Incident Response Graphs
When something breaks in production, you need to answer four questions quickly:
- What is failing? — which services and components are affected
- Why? — the root cause and the causal chain to the symptom
- Who is affected? — impacted customers or downstream systems
- What happened during the response? — the investigation and resolution timeline
A flat alert table can answer the first question. It cannot answer the rest.
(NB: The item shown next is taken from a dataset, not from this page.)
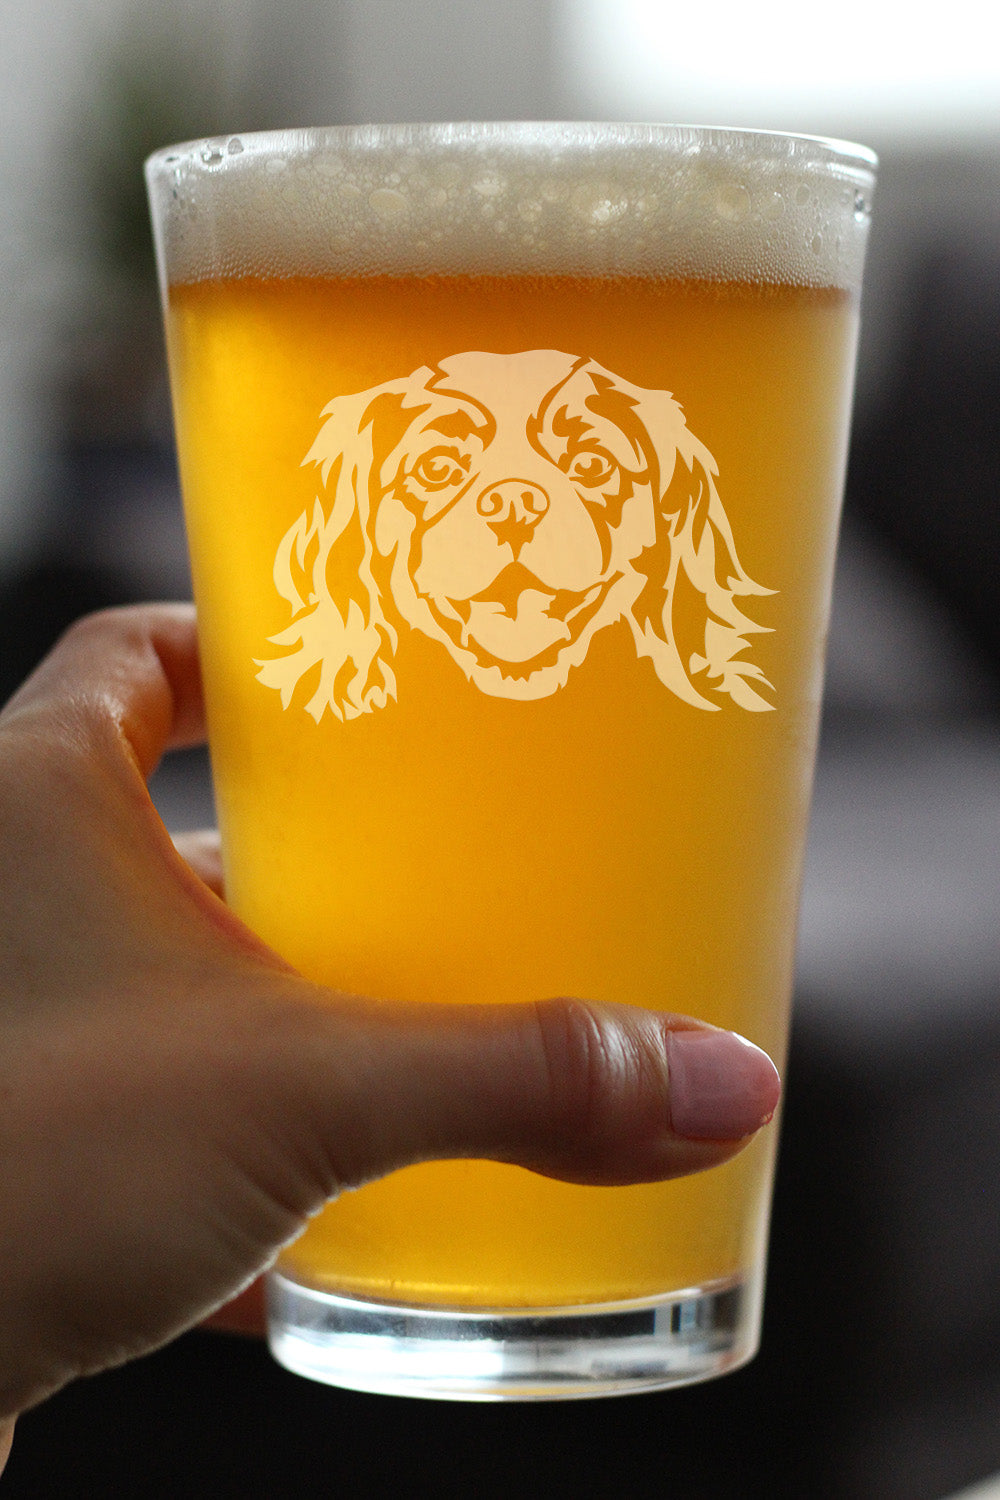 Cavalier King Charles Spaniel Face Pint Glass for Beer - Unique Dog Themed Decor and Gifts for Moms &amp; Dads of Cavaliers - 16 Oz

A graph can answer all four from a single traversal.
Graph shape
| Label | What it represents |
|---|---|
ALERT | A threshold breach or anomaly detection signal |
INCIDENT | The declared incident record — owns status, severity, timestamps |
SERVICE | A component in your infrastructure or application graph |
INCIDENT_EVENT | An ordered entry in the investigation timeline |
ACTION | A remediation step taken to resolve the incident |
CUSTOMER | An end-user or tenant affected by the incident |
Step 1: Declare an incident from an alert
When an alert fires, create an INCIDENT record and link it to the alert and all known affected services in a single transaction.
- Python
- TypeScript
- shell
import os
from datetime import datetime, timezone
from rushdb import RushDB
db = RushDB(os.environ["RUSHDB_API_KEY"], base_url="https://api.rushdb.com/api/v1")
def declare_incident(
alert_id: str,
affected_service_ids: list[str],
severity: str,
summary: str,
owner_id: str
):
tx = db.transactions.begin()
try:
incident = db.records.create("INCIDENT", {
"summary": summary,
"severity": severity,
"status": "active",
"ownerId": owner_id,
"declaredAt": datetime.now(timezone.utc).isoformat(),
"resolvedAt": None,
"rootCauseId": None
}, transaction=tx)
db.records.attach(alert_id, incident.id, {"type": "TRIGGERED", "direction": "out"}, transaction=tx)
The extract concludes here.